For HA, determine any service-level agreements (SLAs) expected of your system. For DR, use measurable characteristics, such as a recovery time objective (RTO) and a recovery point objective (RPO).

High availability is about maintaining service, and disaster recovery is about retaining data.

14

Understand your options for high availability in SQL Server.High availability tools and functionality built into SQL Server are designed to ensure uptime. Here are a few options to consider:

• AlwaysOn Failover Cluster Instances — AlwaysOn Failover Cluster Instances provides server-instance level redundancy. It uses Windows Server Failover Clustering (WSFC) to provide local high availability through redundancy. A failover cluster instance (FCI) is a single instance of SQL Server that is installed across WSFC nodes and, possibly, across multiple subnets. On the network, an FCI appears as an instance of SQL Server running on a single computer, but the FCI provides failover from one WSFC node to another if the current node becomes unavailable.

• AlwaysOn Availability Groups — This enterprise-level high-availability solution was introduced in SQL Server 2012 to enable you to maximize availability for one or more user databases. It requires that the SQL Server instances reside on WSFC nodes without all the extra hardware typically associated with clustering, such as shared storage.

• Database mirroring — Database mirroring maintains a single standby database, or mirror database, of the production (principal) database. This approach increases the availability of a SQL Server database by supporting almost instantaneous failover, and also improves data protection.

• Log shipping — Like AlwaysOn Availability Groups and database mirroring, log shipping functions at the database level. It is an automated backup and restore process that allows you to create an additional copy of your database for failover. You can use log shipping to maintain one or more warm standby databases (secondary databases) for a single production database (the primary database).

15

Establish both a backup strategy and a recovery strategy.Not surprisingly, backup and recovery go hand and hand. There is no way to simply implement a recovery strategy without first assessing backup processes. Backups are instrumental to protecting critical data and giving you the ability to execute point-in-time recovery for the data in your environment. If data was maliciously or inadvertently deleted from a table, no amount of failovers on a cluster is going to bring that data back once the change was committed. As the old IT adage states: “A DBA is only as good as their last backup.”

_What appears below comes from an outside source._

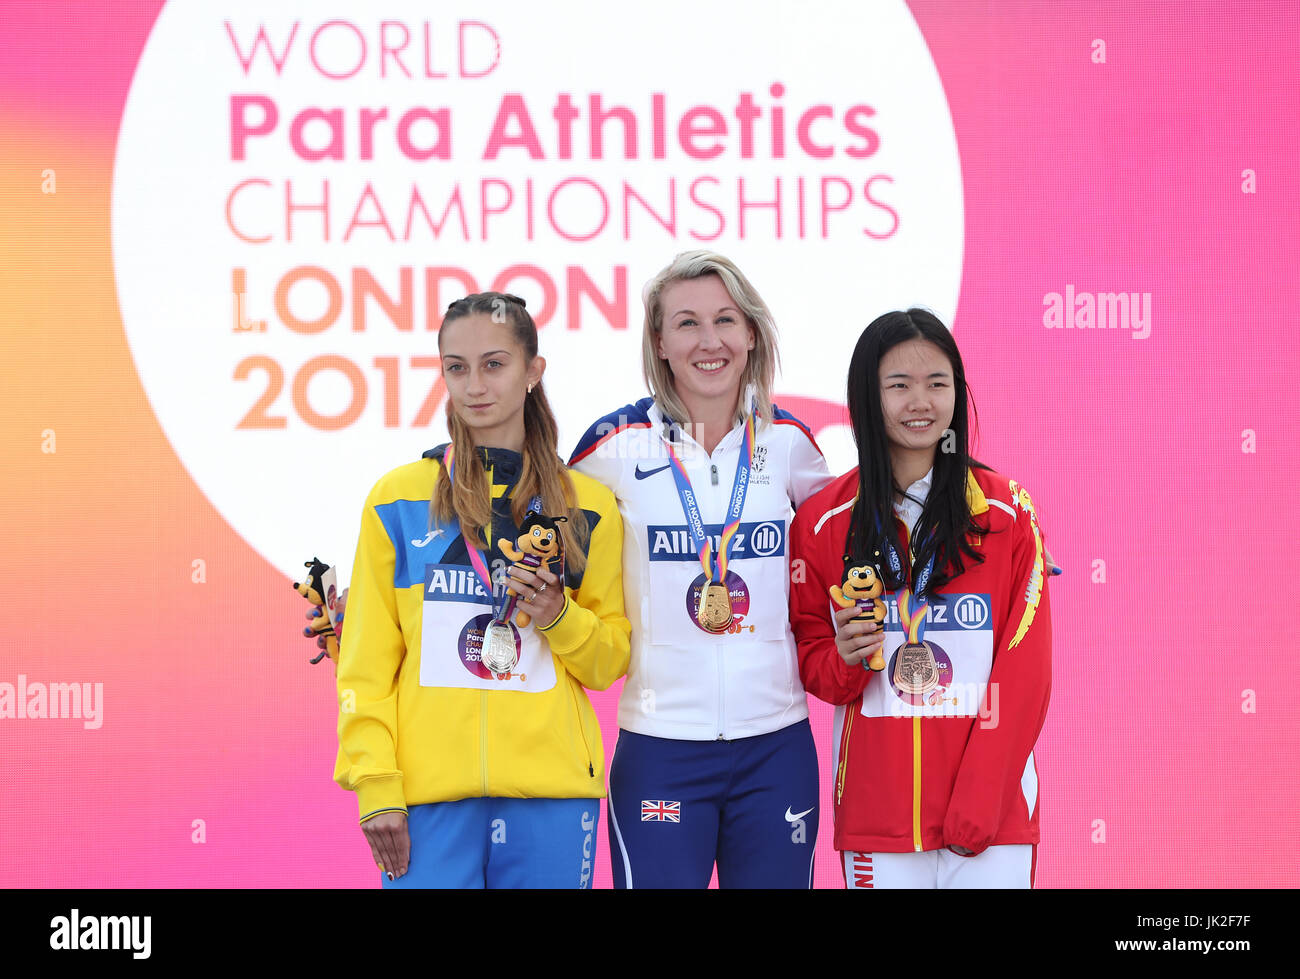 Großbritanniens Georgina Hermitage (Mitte) mit ihrer Goldmedaille, mit der Ukraine Natalia Kobzar (links) und Chinas Fenfen Jiang nach der Frauen 400 m-Finale T37 tagsüber acht der 2017 Para Leichtathletik-Weltmeisterschaften in London Stadion. Stockfoto

In chapter 1 of the playbook, you took inventory of your environment, including which databases are being backed up, how frequently those backups are taken and the retention periods for backups — as well as which SQL Servers aren’t being backed up at all.

If you do identify servers that are not currently backed up, you may need some backup of your own:

• Engage your managers and explicitly declare a backup gap as a major problem.

• Investigate whether there may be a valid reason for databases not being backed up and suggest a minimum level of protection (according to your tolerance).

• Follow up with the owners of the databases to determine their RTOs and RPOs.

With this information and support, implement the agreed-upon SLAs. Regularly test a range of scenarios to ensure that your data can be restored within the expected time periods and SLAs.

Build a disaster recovery strategy for the long term.USE TRANSACTION LOG BACKUPS.

Without transaction log backups, it is impossible to restore your data to a specific point in time. Although managing transaction logs is costly — both in terms of the operational costs of your time and the capital expenditure on additional on-site and off-site storage — it’s likely your business cannot afford data loss.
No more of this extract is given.